Hundreds of students at Smith High School in Greensboro walked off campus at 10 a.m., converging at a soccer field in a defiant but orderly protest, as part of national school walkout to call for action on gun violence.
The Smith High School students were part of a larger wave of walkouts at Guilford County Schools and throughout the region. Students were also expected to walk out at Grimsley High School and Page High School in Greensboro today, and district spokesperson Nora Shoptaw said administrators believed 10 schools would participate, although they hadn’t confirmed.
“We need more therapists and more counselors,” said Jhonathan Hill, a Smith High School senior who organized the walkout with three other students. “We need better trained [school resource officers]. We need to have more mediation tactics and more conversations with students.”Hill who wore a shirt quoting slain Black Panther leader Fred Hampton that read, “I am a revolutionary.”
Hill estimated that half of the 1,250 students at Smith High School participated in the action. School Librarian Jessica Thomas estimated the number might be a third to half.
As students poured onto Veasley Street, a quiet lane that separates the soccer field from campus, supporters from Cakalak Thunder struck up a drum line. Students from Bennett College and GTCC, along with activists from the Black Lives Matter Gate City Chapter and the International Socialist Organization, joined the protest in support of the high school students. Members of Cakalak Thunder broke into a chant of, “Black lives matter.”

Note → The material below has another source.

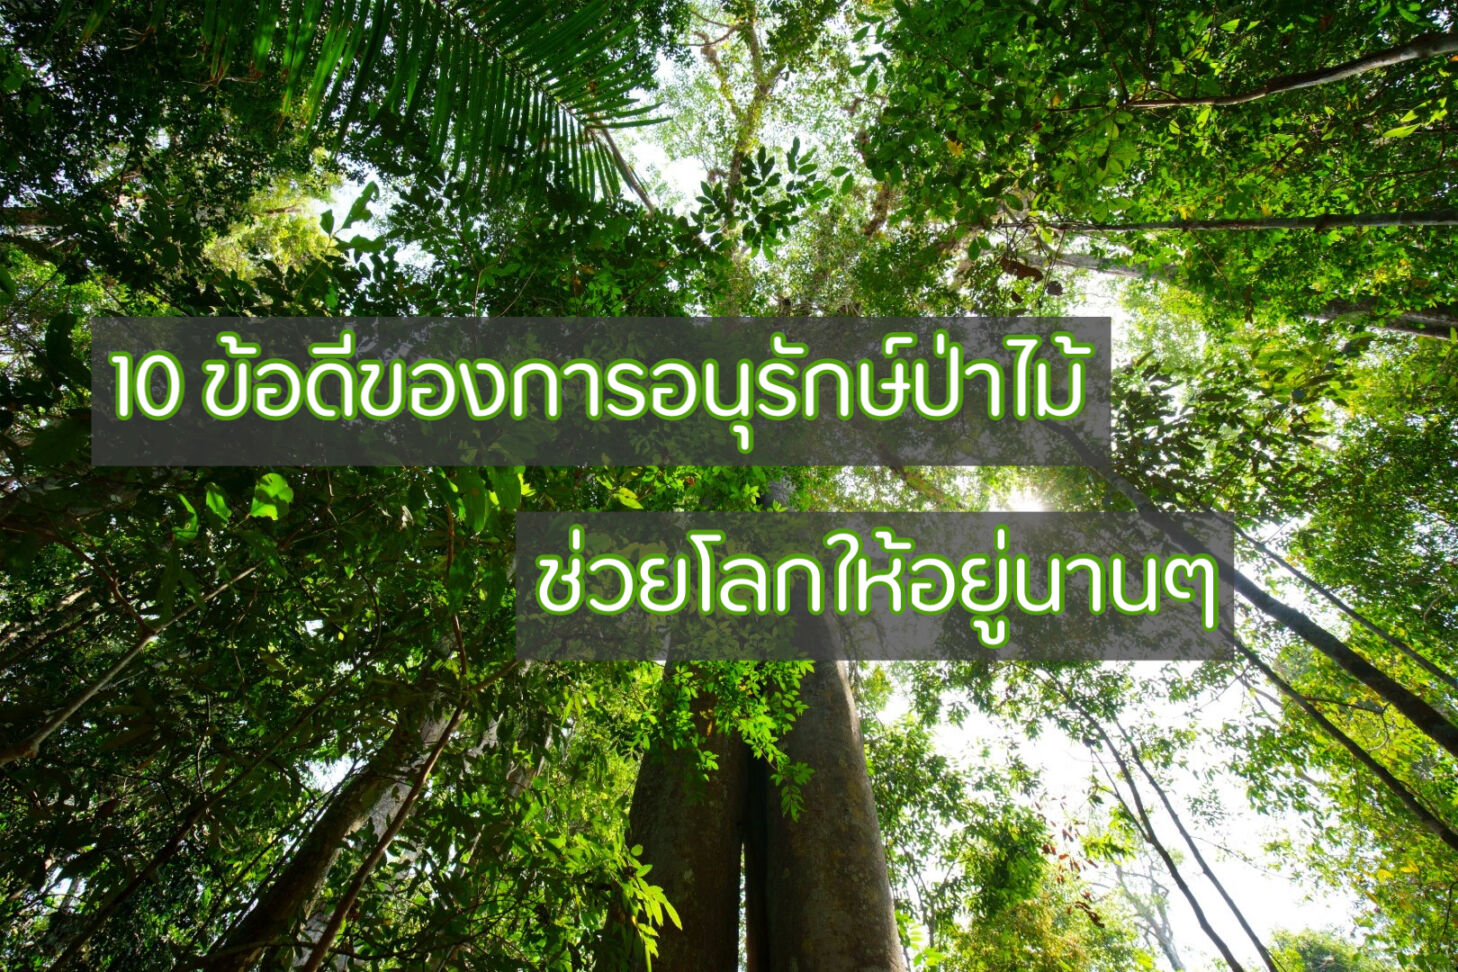 10 ข้อดีของการอนุรักษ์ป่าไม้ คนละไม้คนละมือ ช่วยโลกให้อยู่นานๆ

Nearby, Hill and other students passed around a bullhorn during a speakout. Students held signs reading, “Protect people, not guns,” “One child is worth more than all the guns on earth,” and “Fear has no place in our schools.” Students chanted, “We coming, we ready,” and, “This is what democracy looks like.”
About 45 minutes after the walkout commenced, Hill and other organizers signaled for the students to return to class. A small number of students took advantage of the event for other purposes. As the vast majority of students were returning to campus, a police officer confronted a handful of students in front of the Four Seasons Grande Theatre a short distance away and ordered them to return to class.
Hill emphasized the importance of the Smith High School students claiming power, including maintaining the walkout longer than the 17 minutes, meant to represent the 17 people killed at Marjory Stoneman Douglas High School in Florida last month and an expected duration for the nationwide walkouts.
“There were concerns over safety,” Hill said. “We did it. We came to the soccer field. We stayed out longer than 17 minutes. Everyone was safe.”